When exactly are people supposed to get rid of their correspondence? Given that most of us don't know when we're going to die, so we have to shred everything? Not keep any letters that are important to us, but that we don't want others to read?

Until recent threads on here, I've assummed that my kids will respect my privacy and not rifle through old letter and diaries. If everyone assumes 'she'd have got rid of it if she didn't want us to see it' presumably she should have never kept a personal diary, and should have destroyed any.love letters etc as soon as she'd read them.

So no, I don't assume that anyone leaving letters and diaries is giving me permission to read them. I certainly won't be reading my mum's stuff when she dies.

That's quite sad. It offered me great comfort. I knew most things about my mum and she was very open. I knew she loved to write but found loads of her poems. She'd read me a few when I was a lot younger but there were some she'd written to her mum who'd passed away before I was born, about having a child and divorcing and there were some about life, she'd written songs. They're insightful and really cherished.

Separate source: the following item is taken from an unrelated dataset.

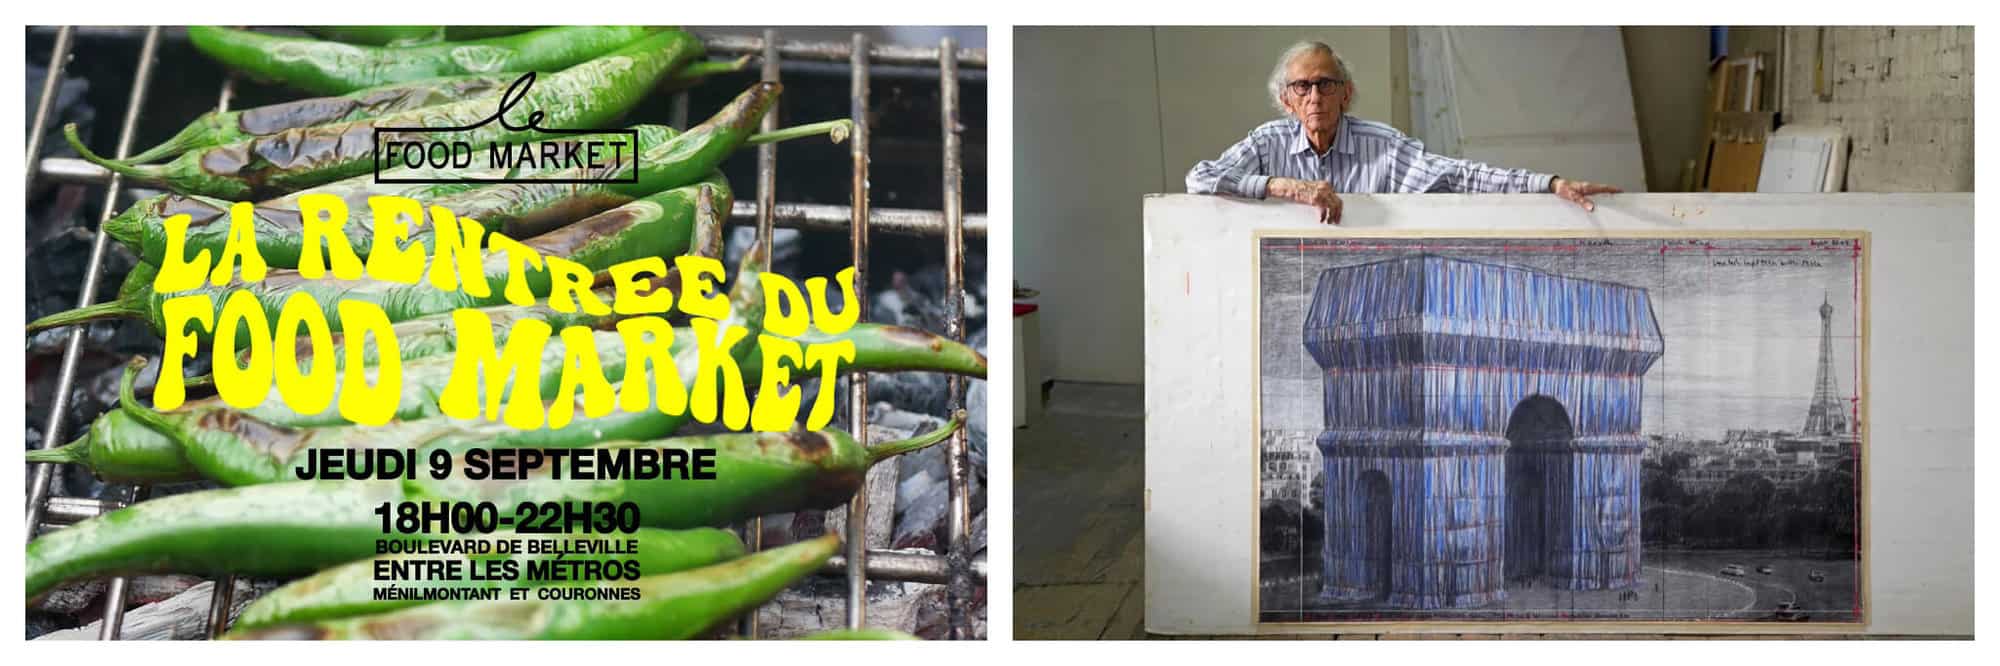 Left: promotional image for La Rentree du Food Market. Right: Christo with a drawing of the Eiffel Tower wrapped.

My mother of all people knew what people left behind when they died as she had to deal with stuff from both parents.

I would never just chuck something without checking what it was otherwise surely people should leave a document to say what they don't want opened after they're gone?

OP posts:
TomPinch · 23/01/2023 02:48

Every situation is different, but I think there's real danger in being misled about the truth of a contentious situation by reading a letter, written years ago, not for the person reading it now, stripped of all its context, and most importantly by one person only.